Charles Atkin

Personal information
- Born: 26 February 1889 Sheffield, England
- Died: 9 May 1958 (aged 69) Sheffield, England

Sport
- Sport: Field hockey
- Position: Full-back

Senior career
- Years: Team / Caps / Goals
- 1910–1920: Beckenham / - / -

National team
- Years: Team / Caps / Goals
- 1913–1921: England & GB /  / -

Medal record
Men's field hockey
| Gold medal – first place | 1920 Antwerp | Team competition |

= Charles Atkin =

British field hockey player (1889–1958)

Charles Sydney Atkin (26 February 1889 – 9 May 1958) was a British field hockey player who competed in the 1920 Summer Olympics. He was a member of the British field hockey team which won the gold medal.

== Biography ==
Atkin was educated at Marlborough College and studied at Caius College, Cambridge, where he won a blue in 1909 and 1910 during the varsity match against Oxford. After university, he became a medical student at St Bartholomew's Hospital.
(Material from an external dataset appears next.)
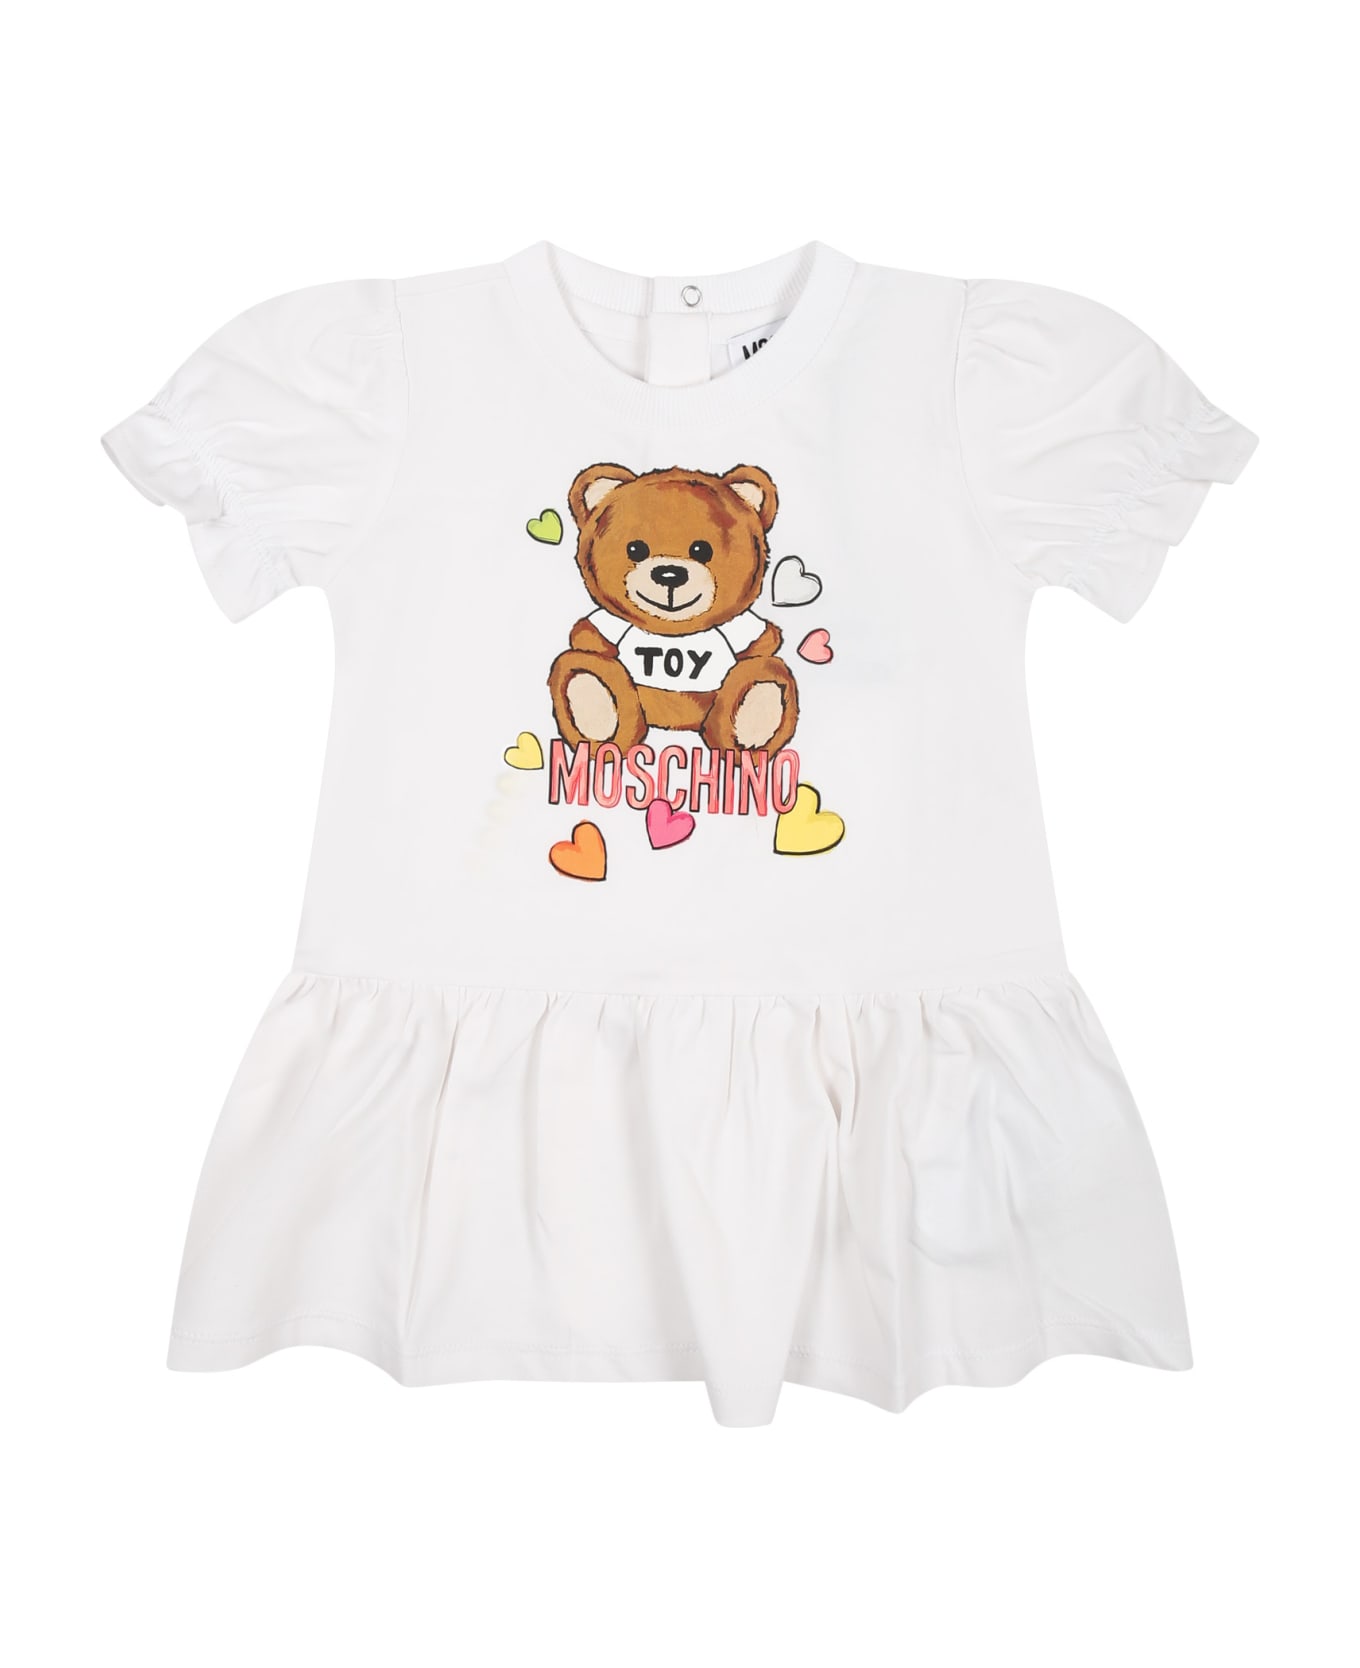 Moschino White Dress For Baby Girl With Teddy Bear Print - White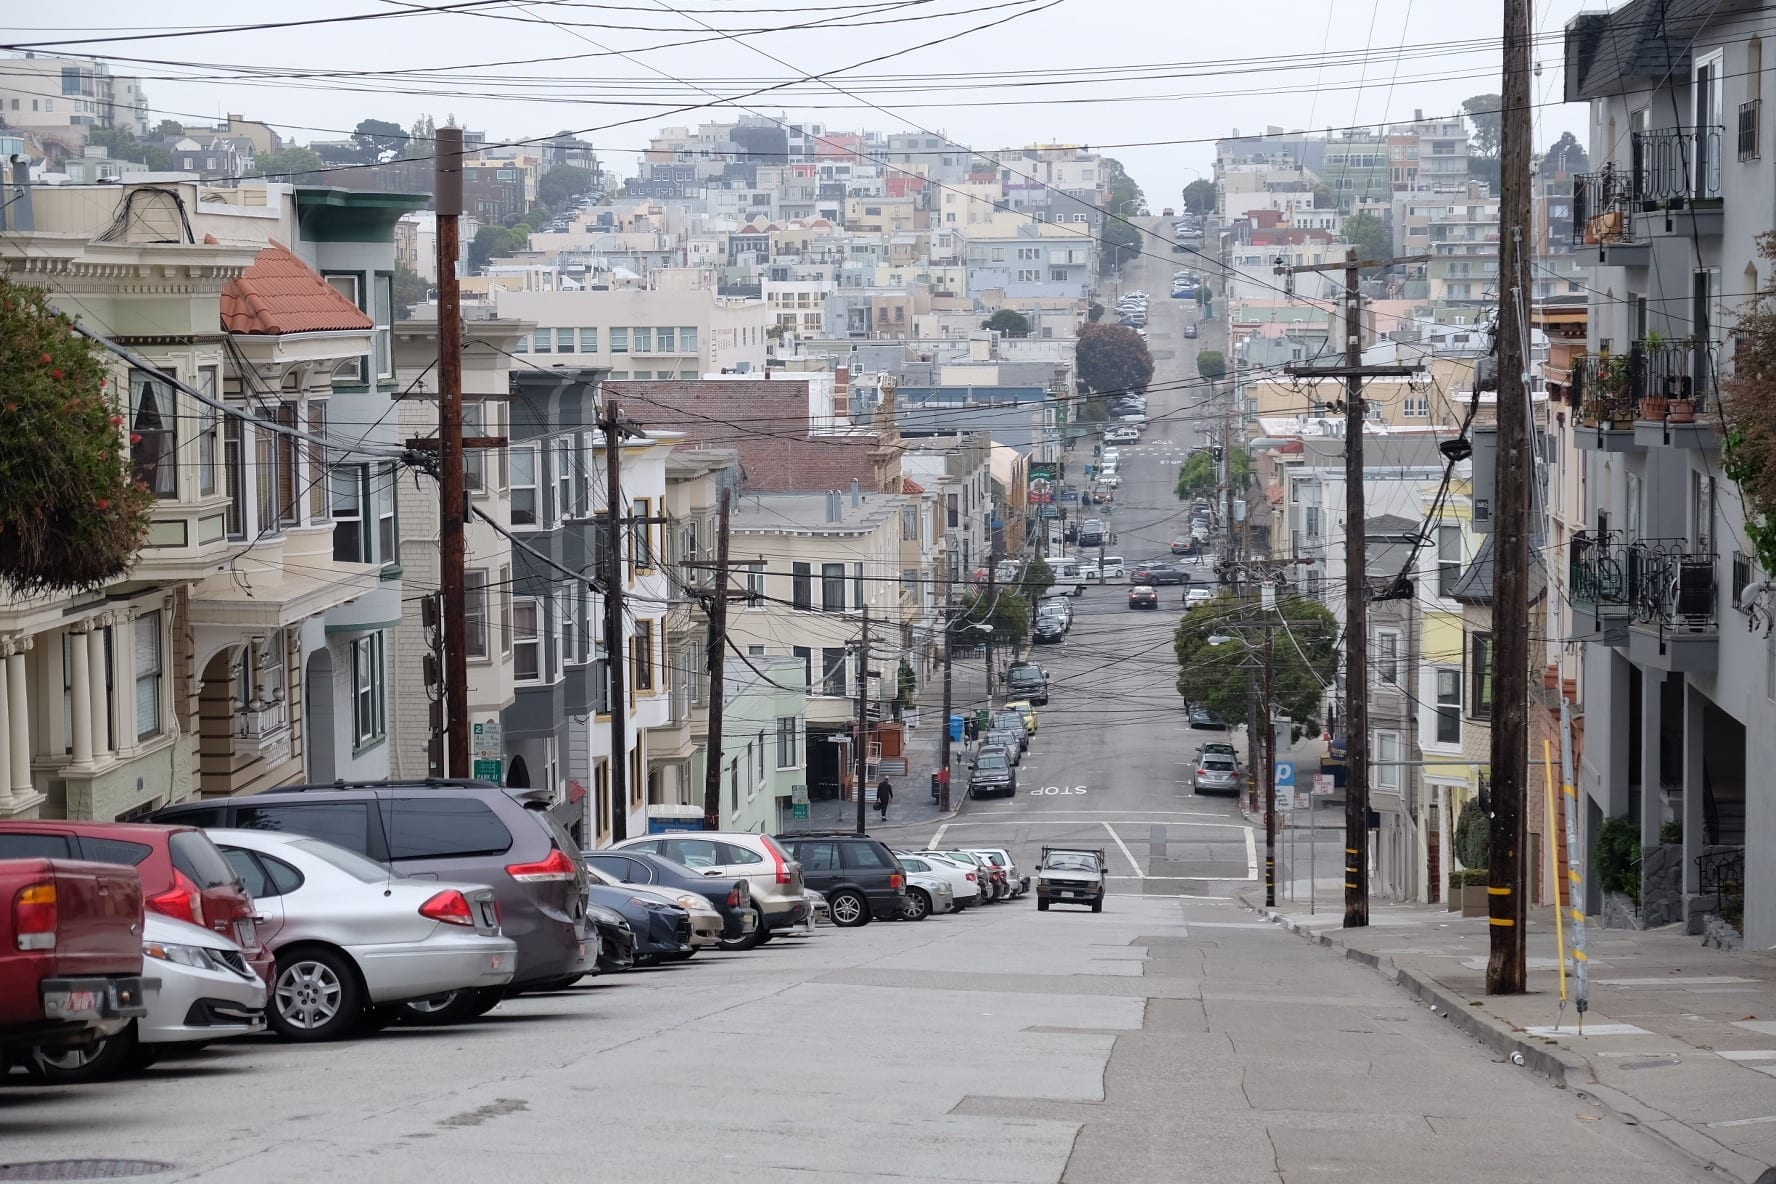 Gray morning in Russian hill, San Francisco, houses descending down steep hills in San Francisco.

He played club hockey for Beckenham and represented Kent at county level. He made his debut for England in 1913, playing three matches before World War I interrupted his career. He served in the Royal Army Medical Corps as a captain.

After the war, he joined the family medical practice in Sheffield, and at the 1920 Olympic Games in Antwerp, he played as a left back during the hockey competition. His final international appearance was against Ireland in 1921.